Having located the line with "ANDI New York The Small Handbags Navy", print it and each remaining line exactly, stopping at the end of the material and omitting pictures.

> **RAW DATA**:
-- Opening Marker --
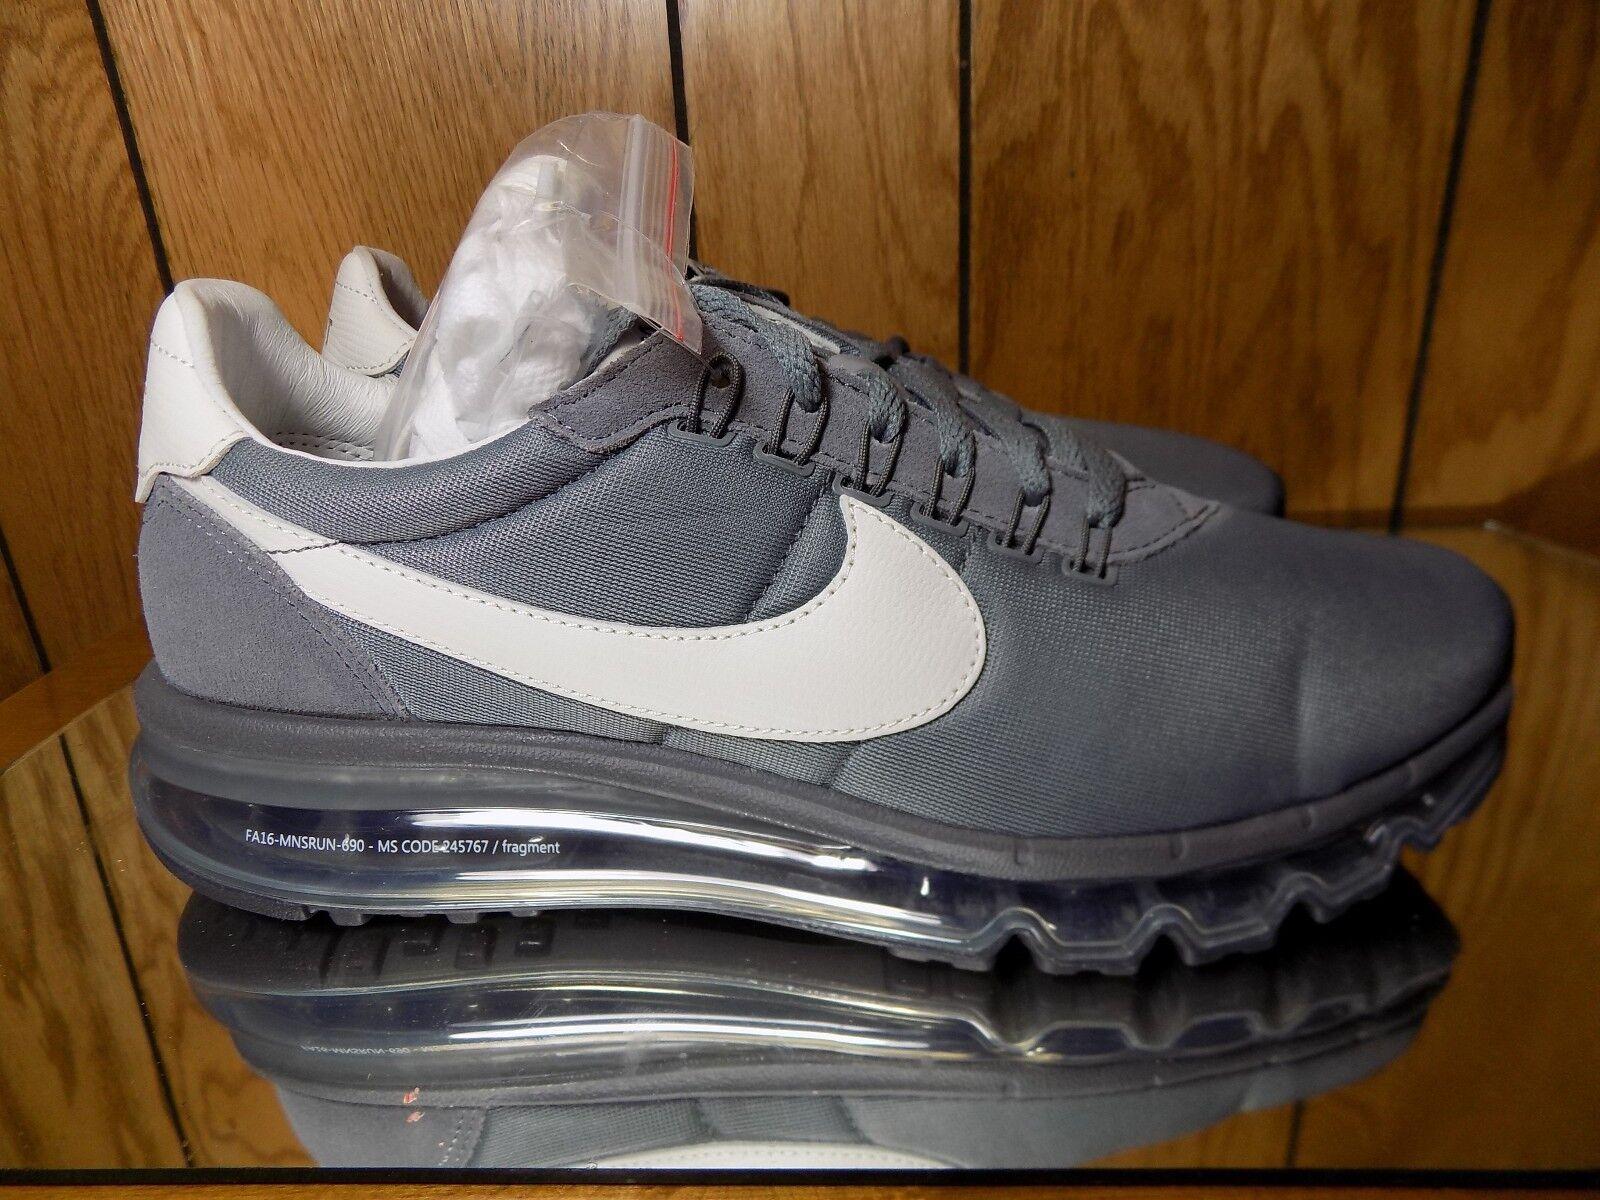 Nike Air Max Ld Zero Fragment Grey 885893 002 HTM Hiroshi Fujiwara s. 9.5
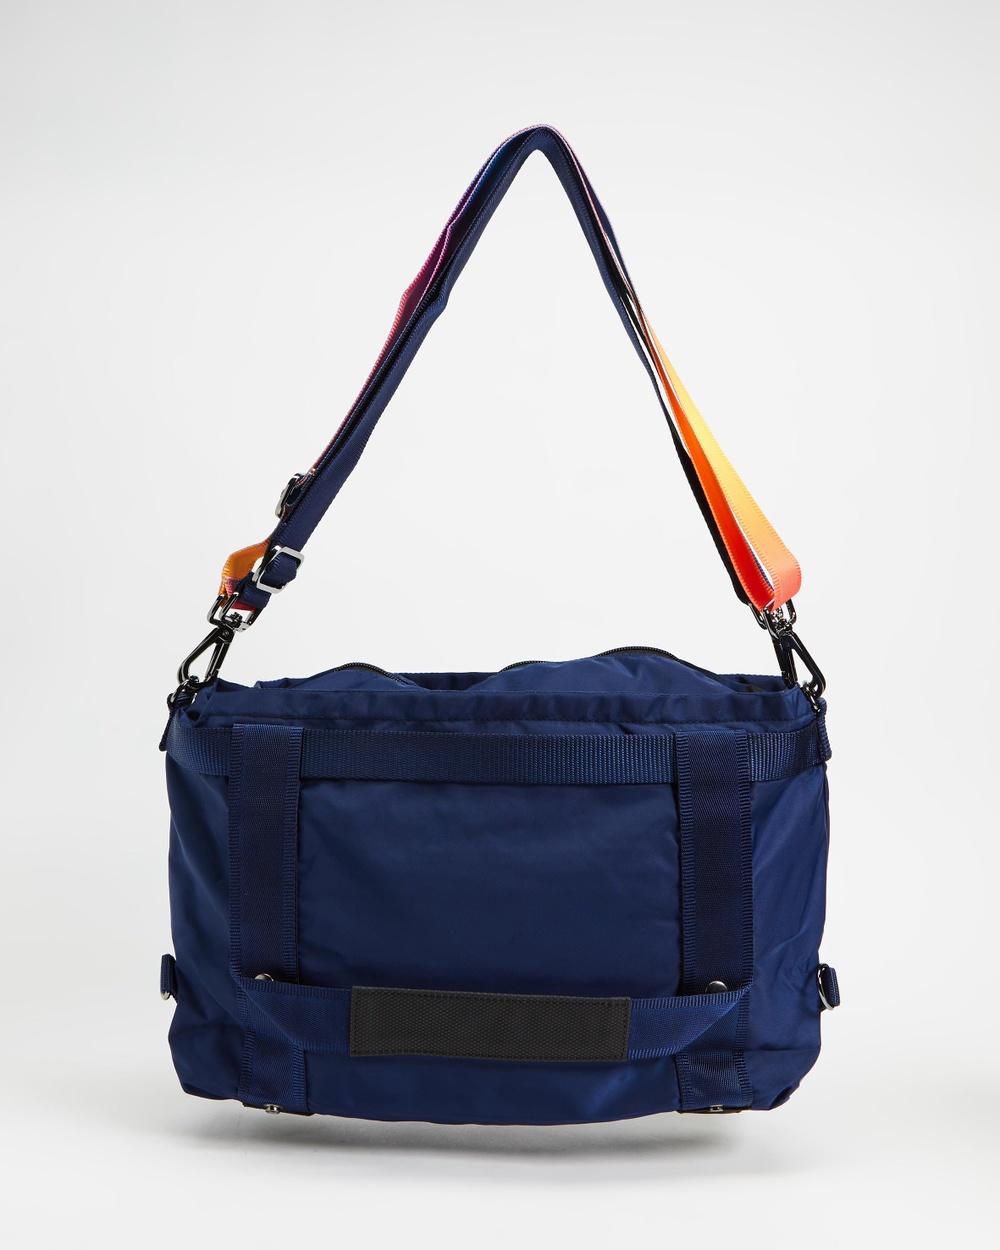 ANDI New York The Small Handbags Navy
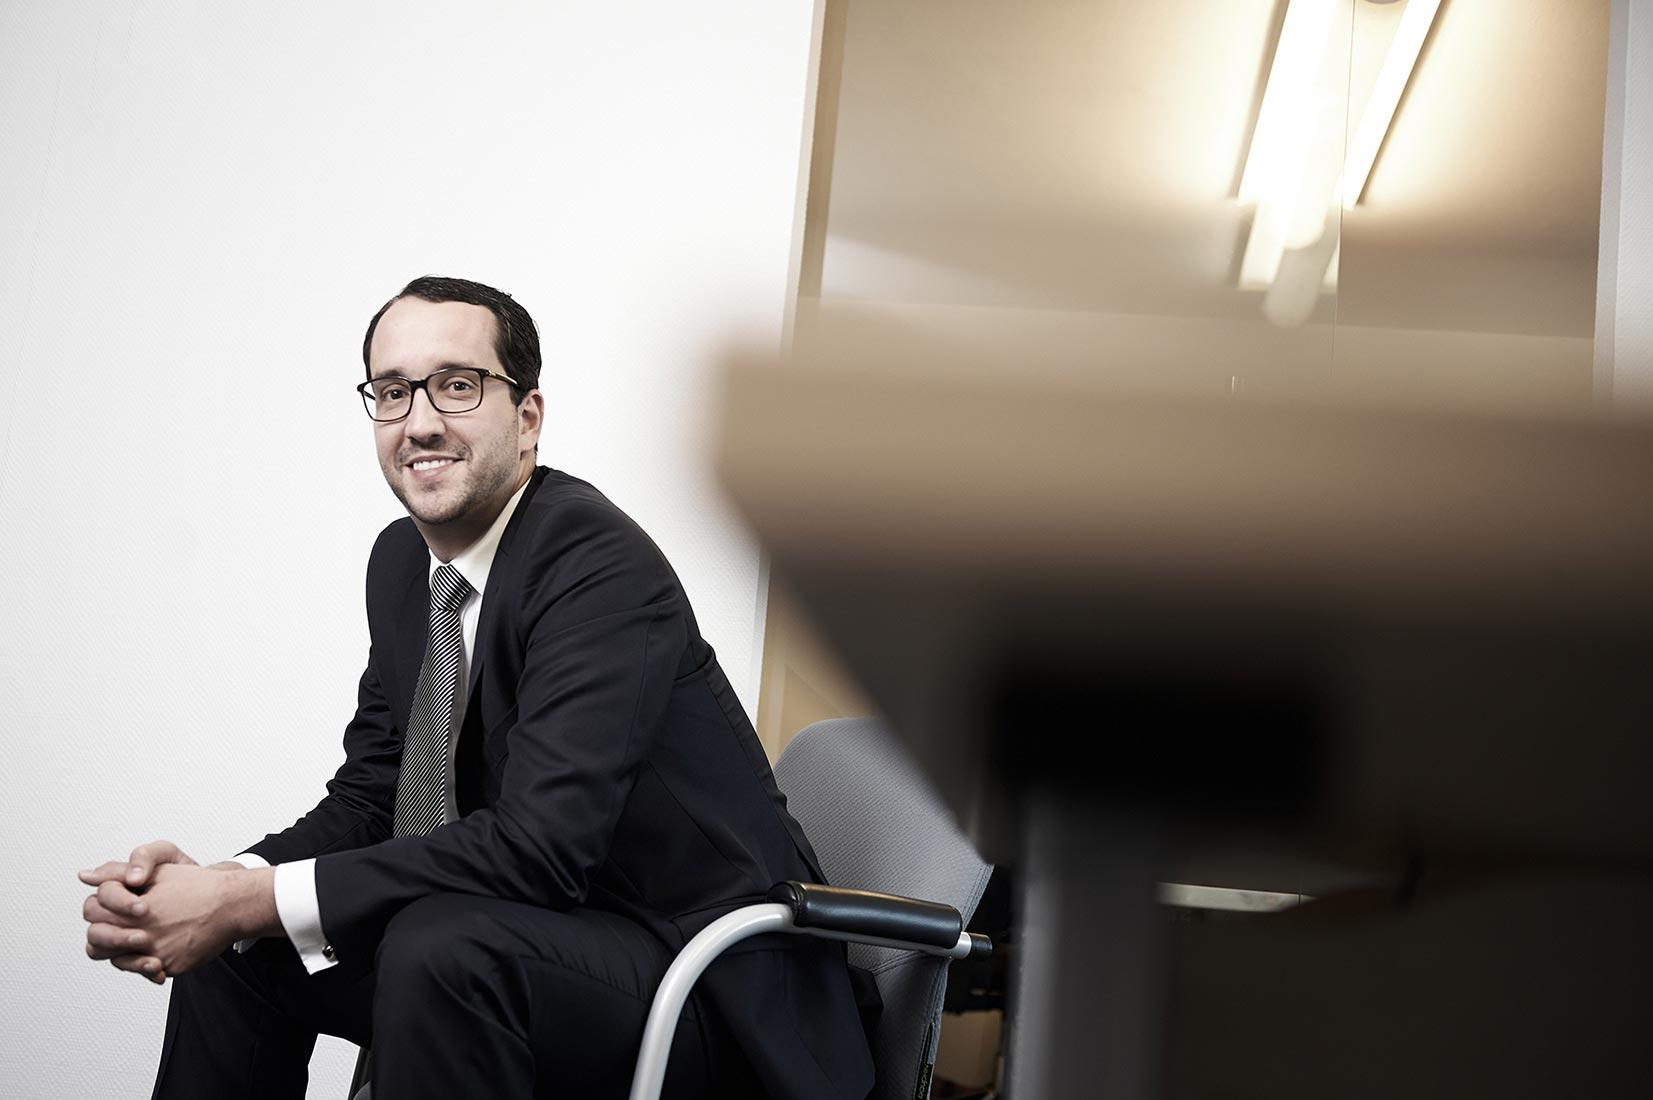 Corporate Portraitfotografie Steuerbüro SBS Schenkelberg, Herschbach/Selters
-- Closing Marker --
> **FINAL ANSWER**:
 ANDI New York The Small Handbags Navy
 Corporate Portraitfotografie Steuerbüro SBS Schenkelberg, Herschbach/Selters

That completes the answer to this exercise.